You must initially describe your repository or repositories to Emborg. You do so by adding configuration files to ~/.config/emborg. Once you have done that, you can use Emborg to perform common tasks that involve you backups.
$ emborg init
The init command initializes a repository, which is necessary before it can be used.
$ emborg create
The create command creates an archive, meaning that it backs up your current files.
$ emborg list
The list command displays a list of all existing archives.
$ emborg manifest $ emborg files
The manifest or files command displays all the files in the most recent archive.

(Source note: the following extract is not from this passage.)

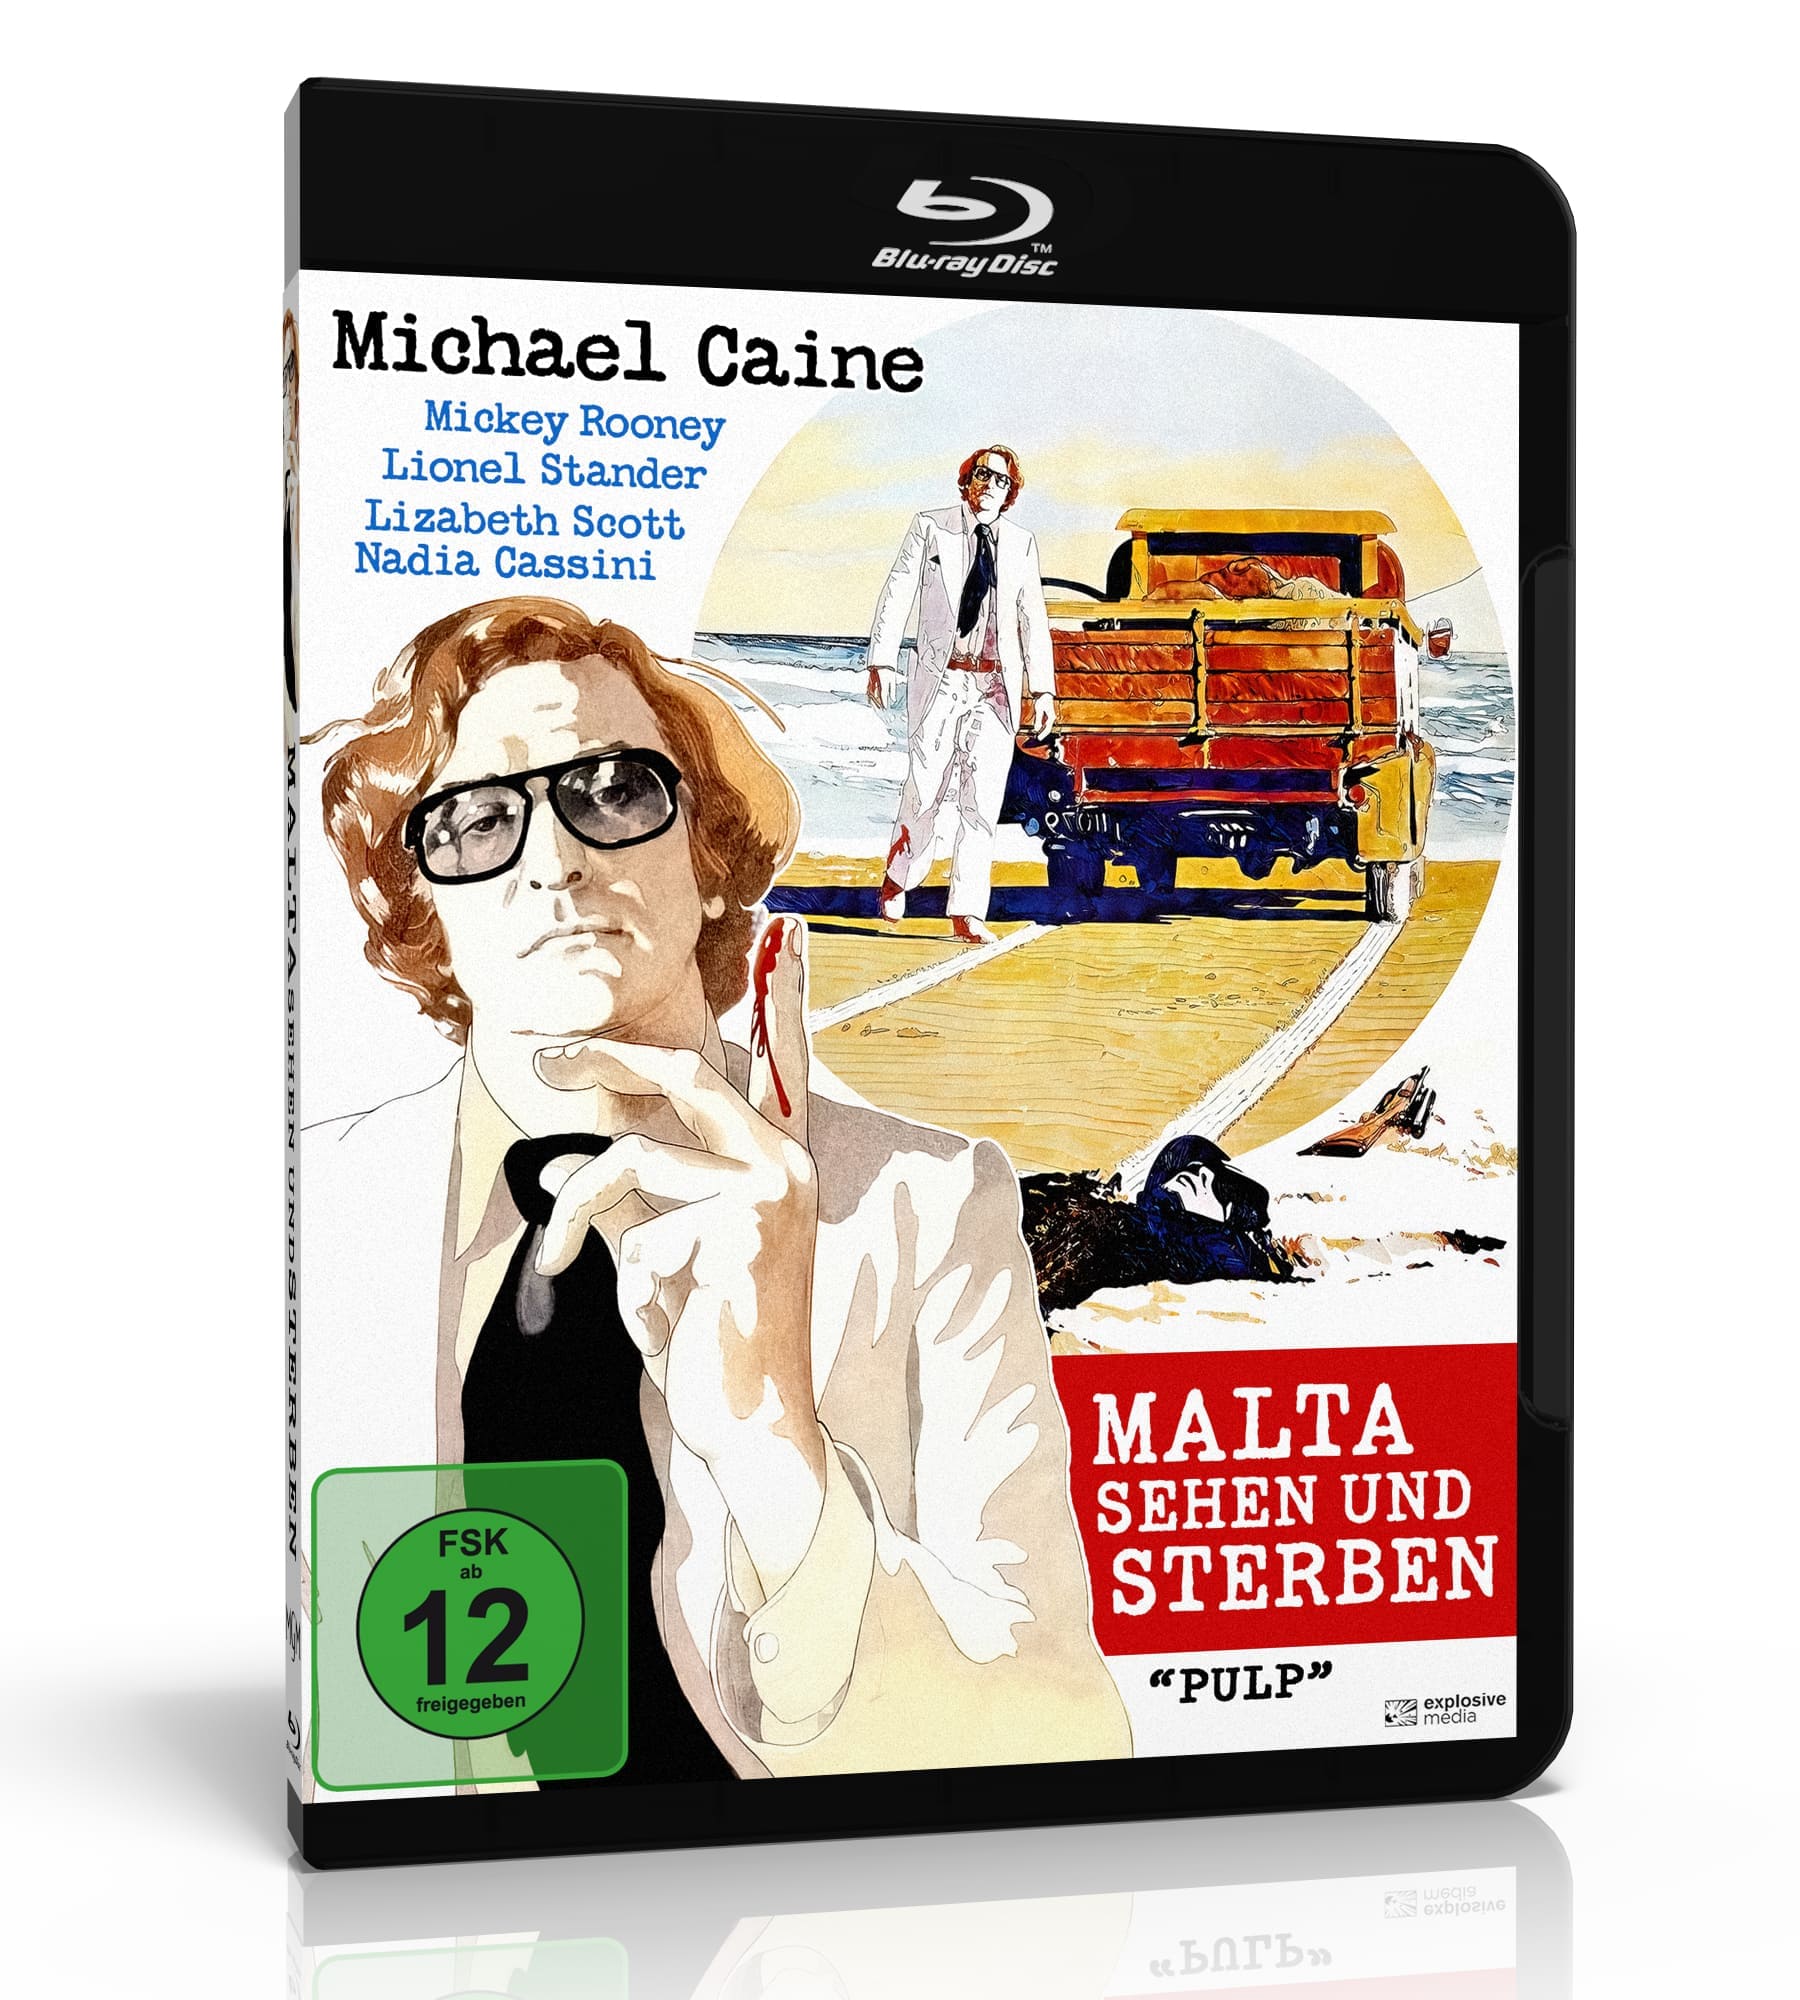 Malta sehen und sterben (Blu-ray) Image 2
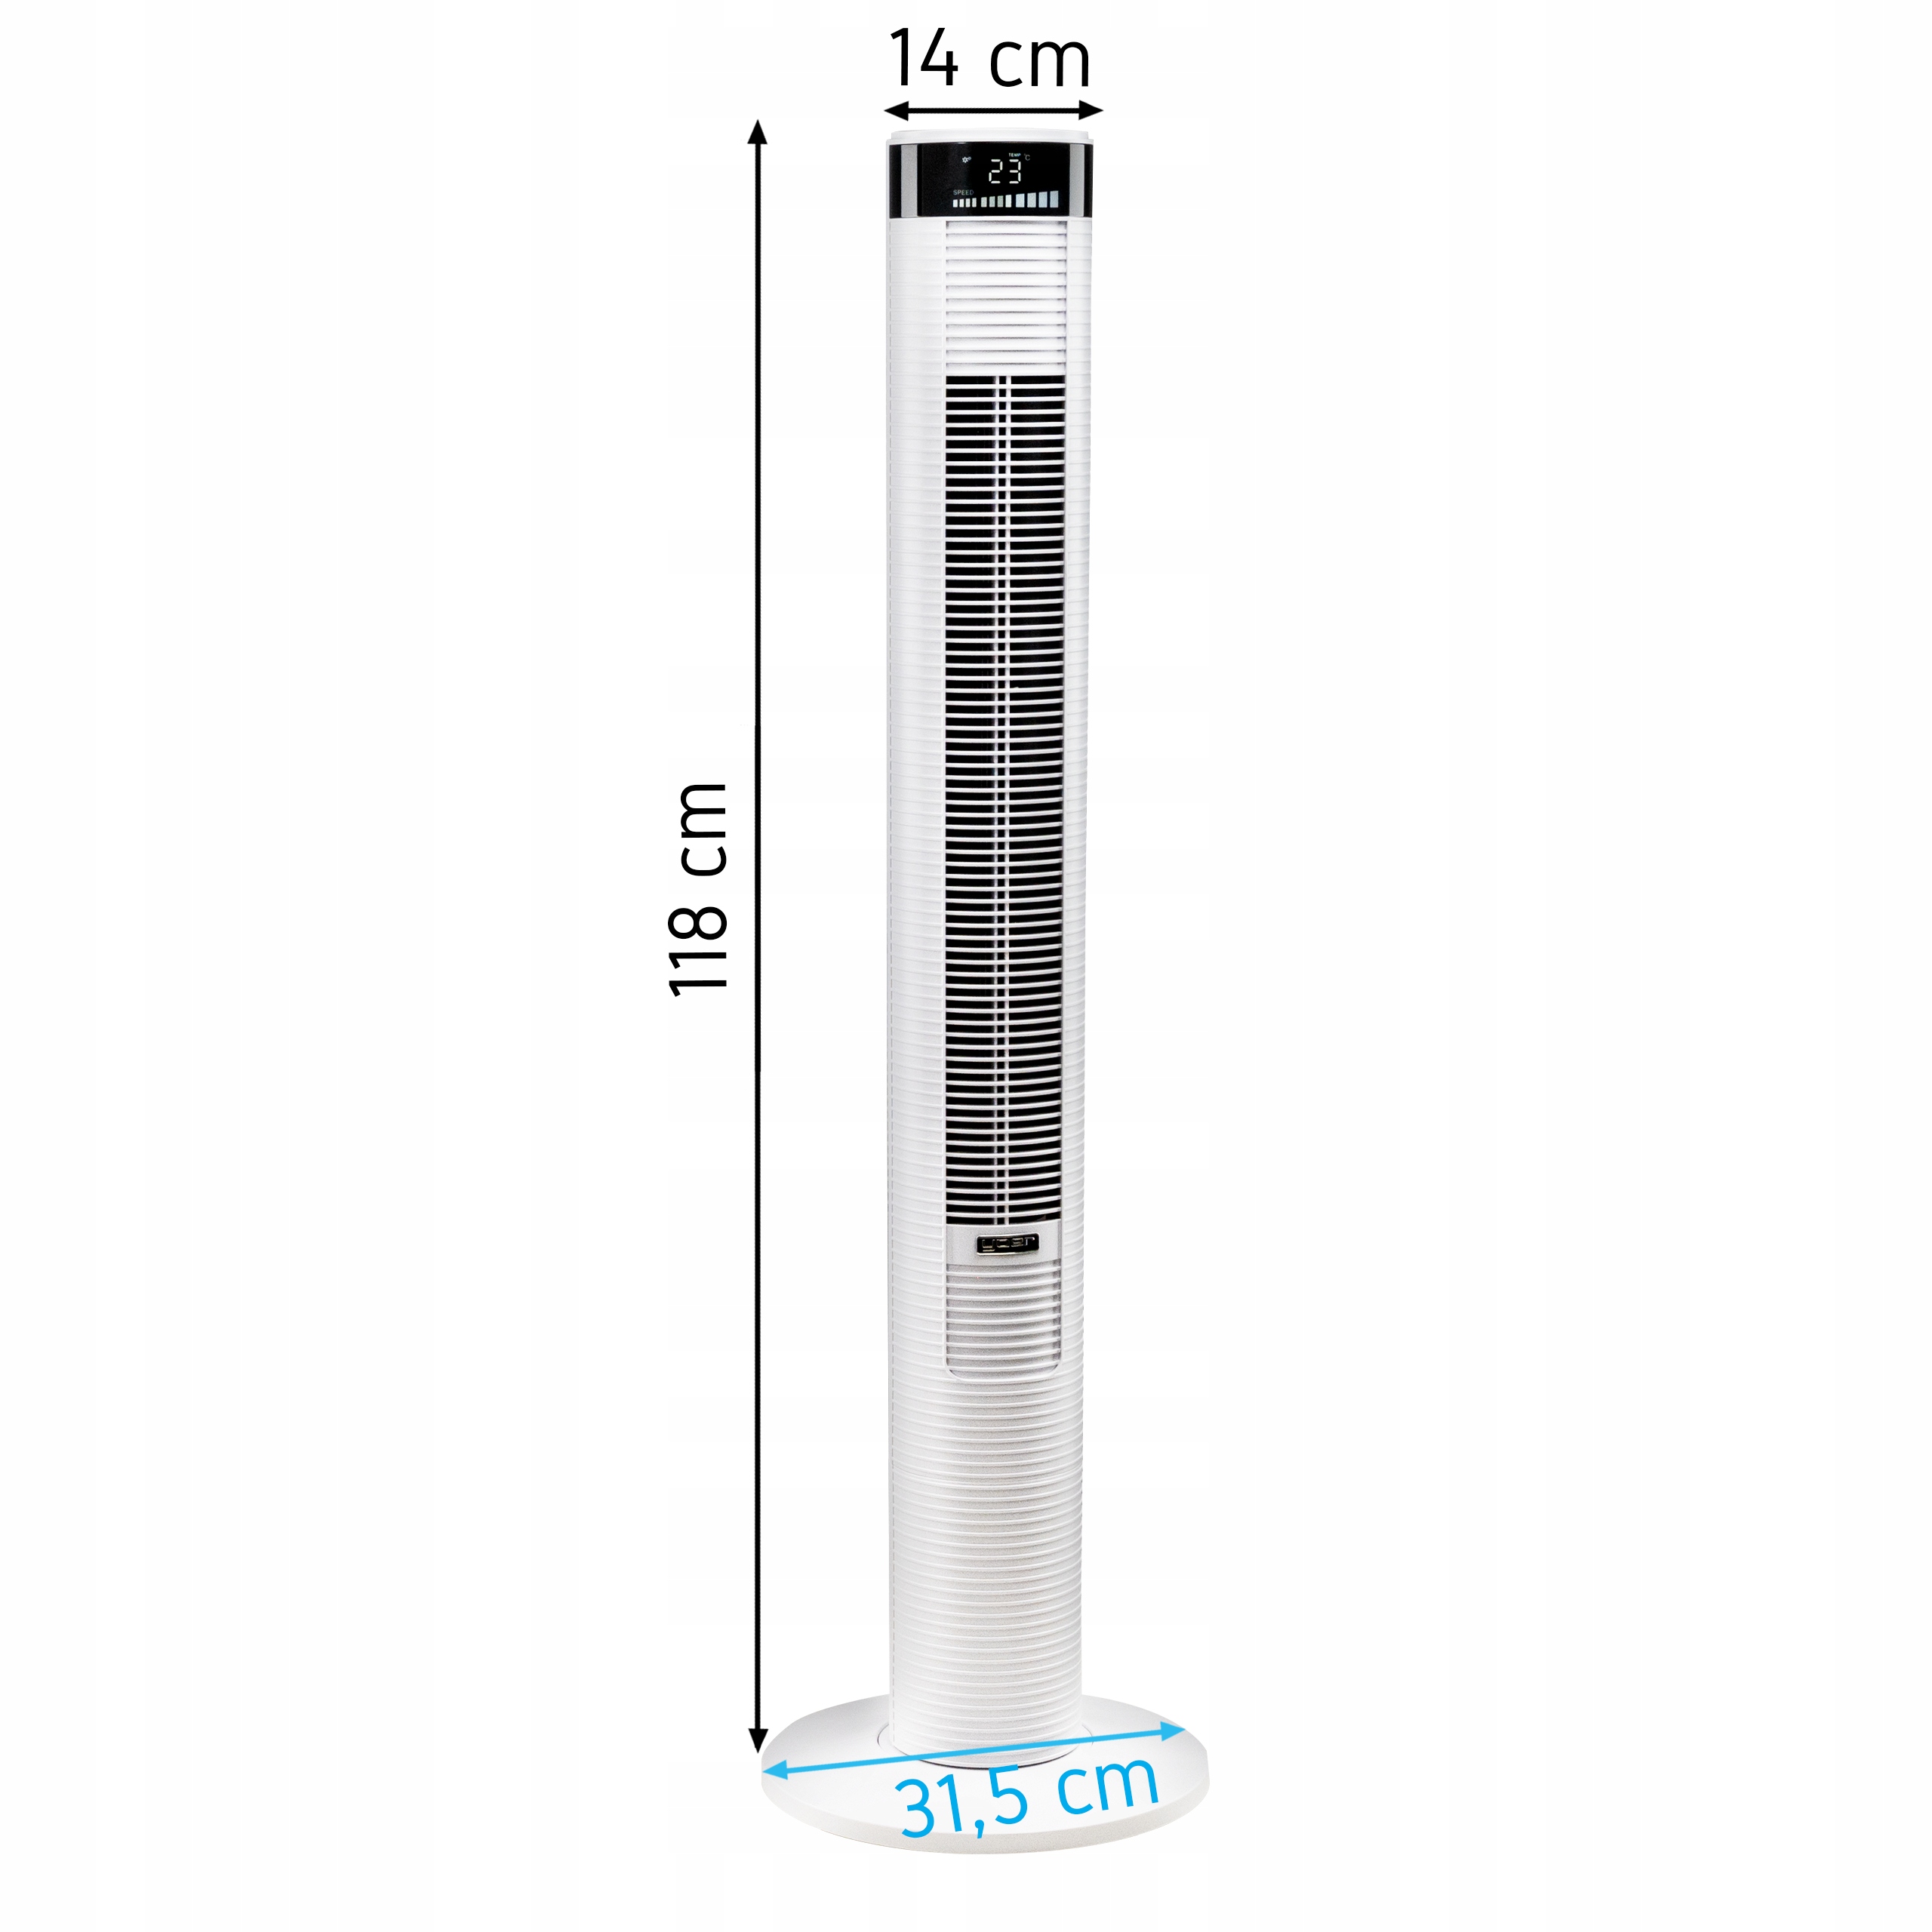 Vaikne kolonn FAN YOER + ionisatsioon + pult Kogu laius 14 cm

$ emborg manifest continuum-2019-04-23T18:35:33
If you give the name of an archive, it displays all the files in the specified archive.
$ emborg diff continuum-2019-04-23T18:35:33 continuum-2019-04-22T17:24:06
The diff command shows you the difference between two archives.
$ emborg extract home/seven/bin/vu
The extract command extracts a file or directory from the most recent archive.
$ cd ~/bin $ emborg restore vu
The restore command restores files or directories in place, meaning it replaces the current version with the one from the archive.
$ emborg mount BACKUPS
The mount command creates a directory ‘BACKUPS’ and then mounts an archive or the whold repository on this directory. This allows you to move into the archive or repository, navigating, examining, and retrieving files as if it were a file system.
$ emborg umount BACKUPS
The umount command un-mounts the archive or repository after you are done with it.
$ emborg due
The due command tells you when the last successful backup was performed.
$ emborg info
The info command shows you information about your repository such as where it is located and how large it is.
$ emborg check
The check command performs internal consistency checking on your repository.
$ emborg prune
The prune command removes redundant archives.
$ emborg borg check --repair @repo
The borg command runs a raw Borg command for you. The benefit of having Emborg run Borg for you is that it automatically sets the passphrase and the path to the repository so you do not need to remember them.
$ emborg help
The help command shows you information on how to use Emborg.
Borg has considerably more power than what is exposed with Emborg. You may use it directly or through the Emborg borg command when you need that power. More information about Borg can be found at borgbackup on readthedocs.
You should assure you have a backup copy of the encryption key and its passphrase in a safe place (run ‘borg key export’ to extract the encryption keys). This is very important. If the only copy of the encryption credentials are on the disk being backed up and if that disk were to fail you would not be able to access your backups. I recommend the use of SpareKeys as a way of assuring that you always have access to the essential information, such as your Borg passphrase and keys, that you would need to get started after a catastrophic loss of your disk.
If you keep the passphrase in an Emborg configuration file then you should set the permissions for that file so that it is not readable by others:
chmod 600 ~/.config/emborg/*
Better is to simply not store the passphrase in Emborg configuration files. You can use the passcommand setting for this, or you use Avendesora, which is a flexible password management system. The interface to Avendesora is already built in to Emborg, but its use is optional (it need not be installed).
It is also best, if it can be arranged, to keep your backups at a remote site so that your backups do not get destroyed in the same disaster, such as a fire or flood, that claims your original files. One option is rsync.net. Another is BorgBase. I have experience with both, and both seem quite good.
Finally, it is a good idea to practice a recovery. Pretend that you have lost all your files and then see if you can do a restore from backup. Doing this and working out the kinks before you lose your files can save you if you ever do lose your files.